This conference will focus on literacy learning and encouraging access to the curriculum, and will give an overview of key issues and challenges around Reading, Writing, Spelling and Speech, Language and Communication issues for those with dyslexia and other Co-occurring learning differences. The conference will also provide insights into good teaching practice.
Confirmed speakers for this event are:
SpLDs and Literacy Learning
Neil Mackay is a consultant and trainer who created the concept of Dyslexia Friendly Schools. He is an experienced teacher who has taught for 26 years, working with children with a wide range of ages, needs and ability. He is known for his ability to bring the classroom into his training and for providing lively, entertaining and thought provoking opportunities for teachers and teaching assistants to reflect on, and develop, their practice. His audiences particularly appreciate his ability to offer workable responses to a range of learning needs, including AD(H)D, Asperger's Syndrome and Dyspraxia in ways which meet diverse learning needs without affecting the work of the rest of the class.
Professor Vince Connelly (Oxford Brookes University)

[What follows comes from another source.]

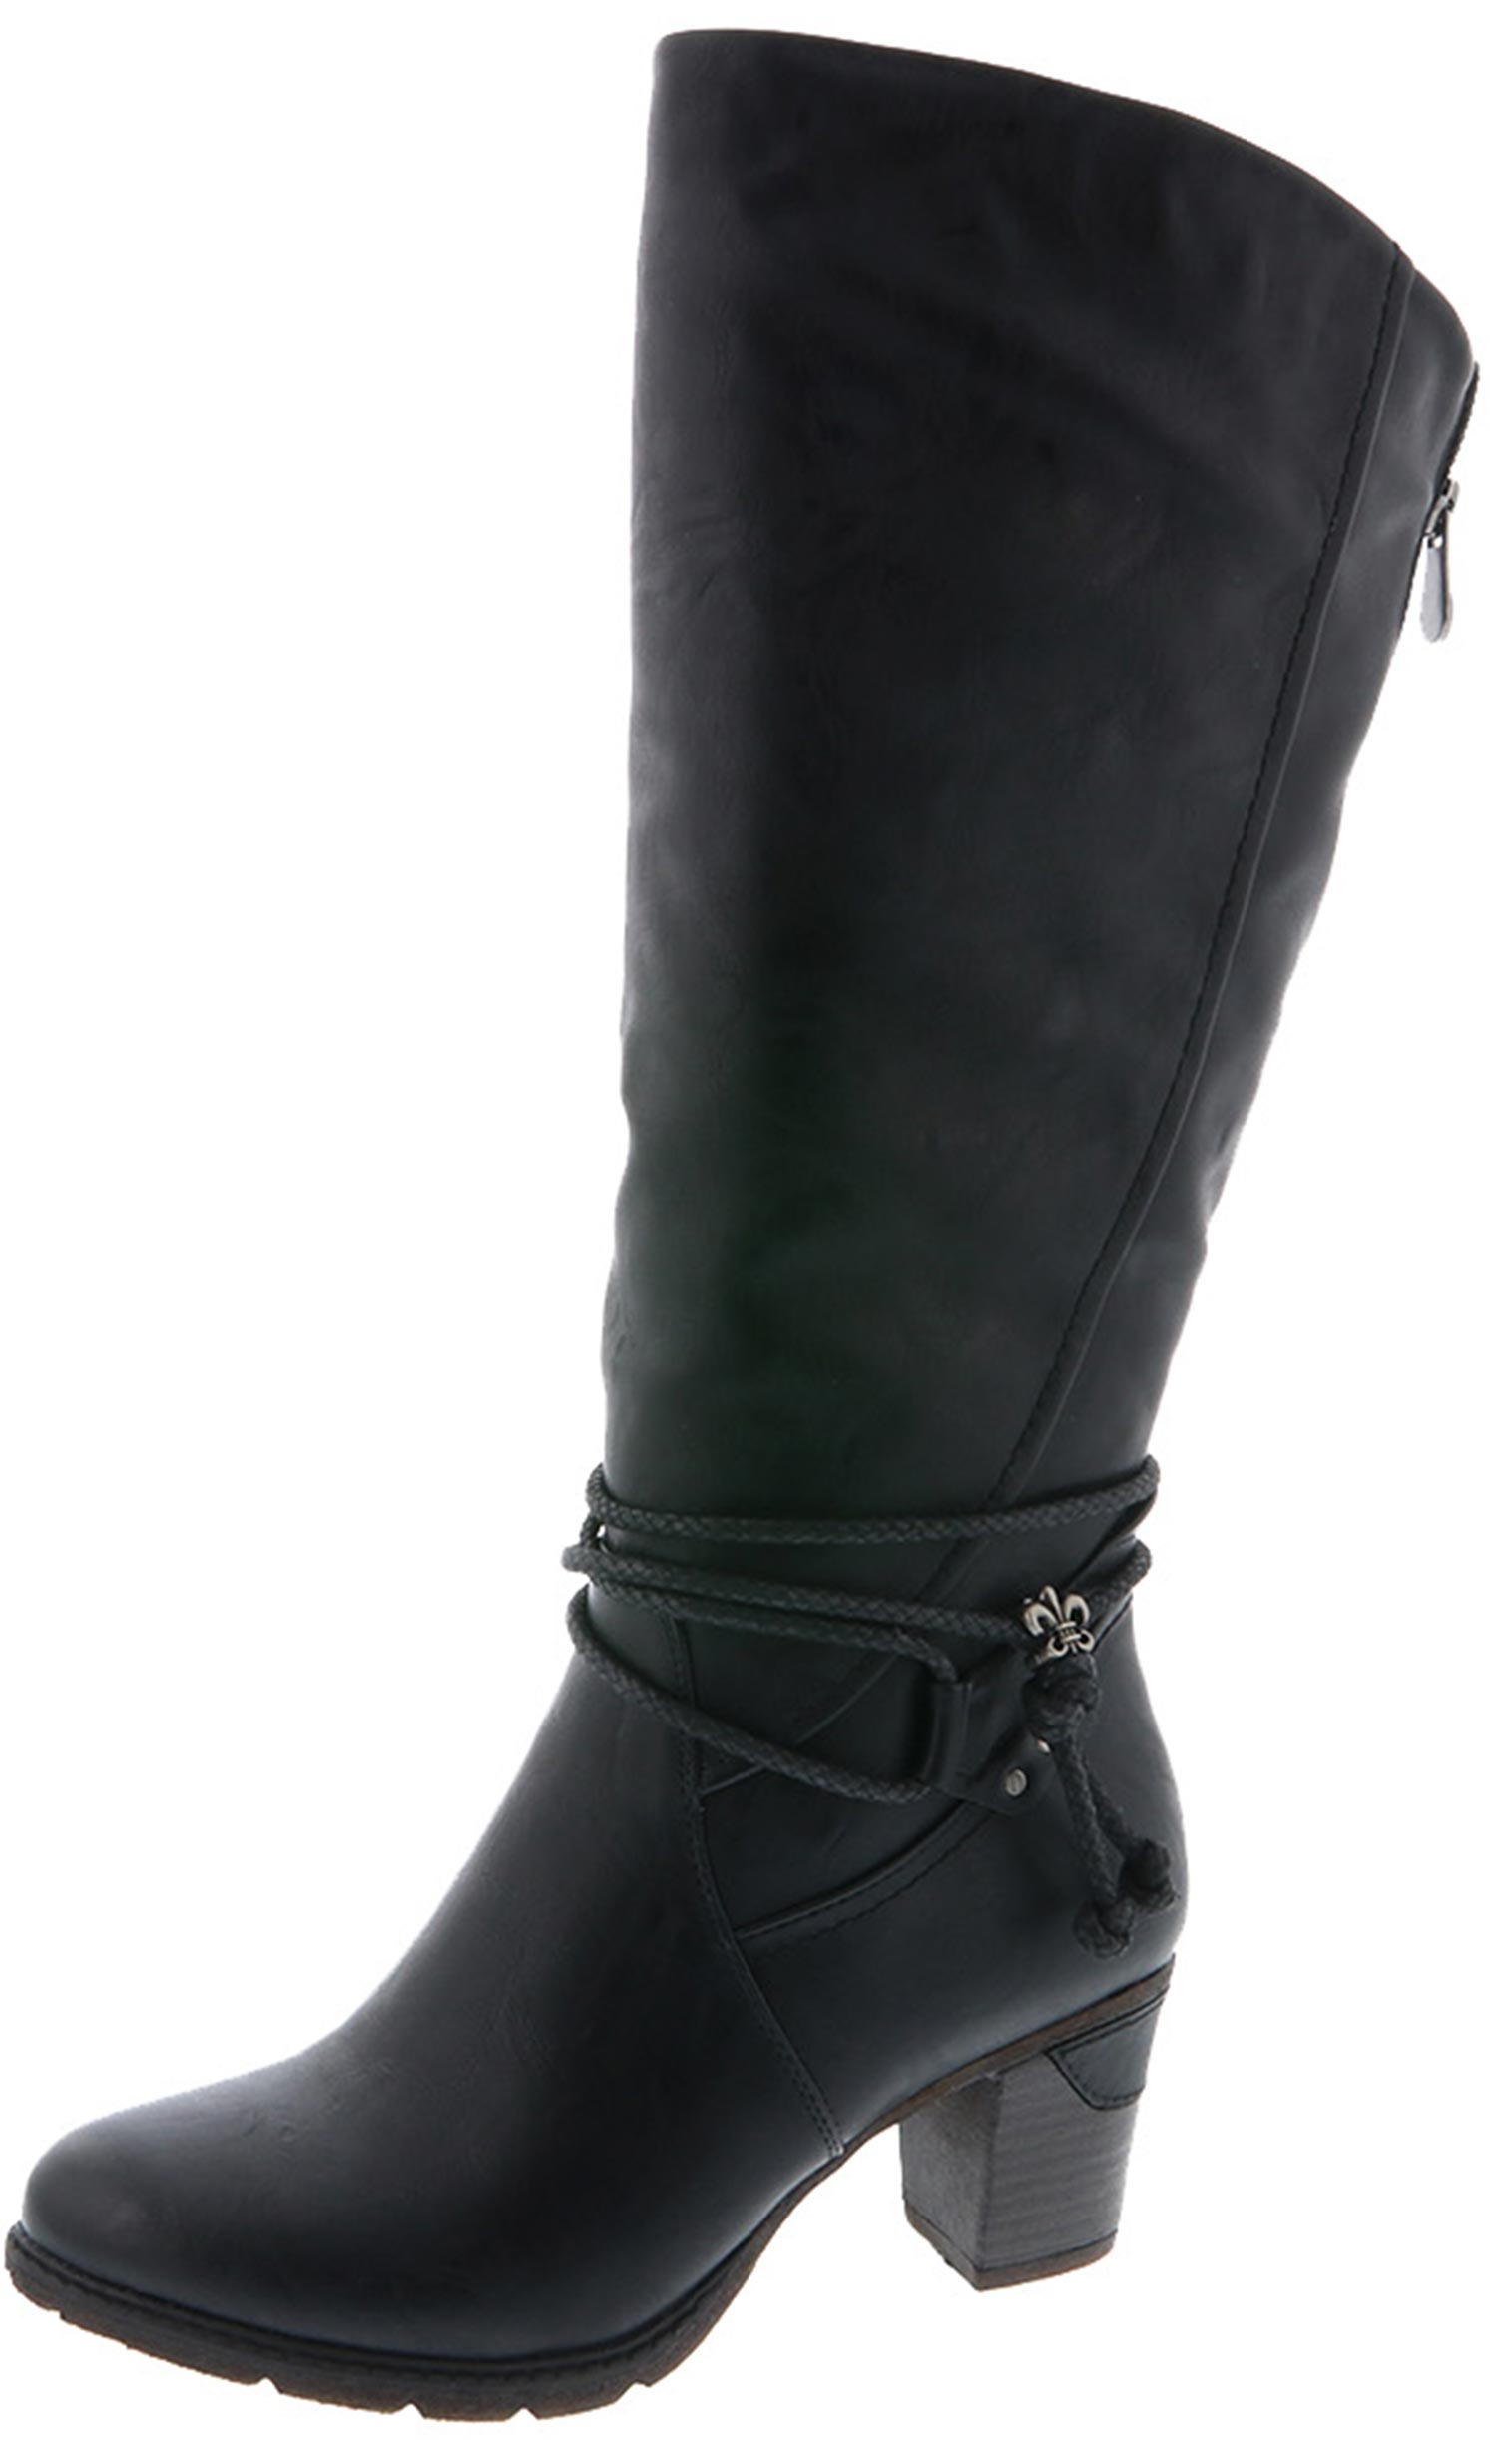 Rieker Damen Stiefel Damenstiefel Boots 96059-00 Schwarz Neu   eBay e342a632a2

How might spelling and handwriting constrain the development of written composition skills?
Vince is a Professor in Psychology and Programme Lead for Psychology. He teaches primarily in the areas of developmental and cognitive psychology. Professor Connelly’s general research interests revolve around the development of writing, spelling and reading. He is currently investigating why some children struggle to write. He is known internationally for this work and has given keynote lectures and invited talks across Europe on this topic. He was recently appointed to be the European Co-ordinator of the Special Interest Group on Writing (http://www.sig-writing.org) as part of the European Association for Research in Learning and Instruction.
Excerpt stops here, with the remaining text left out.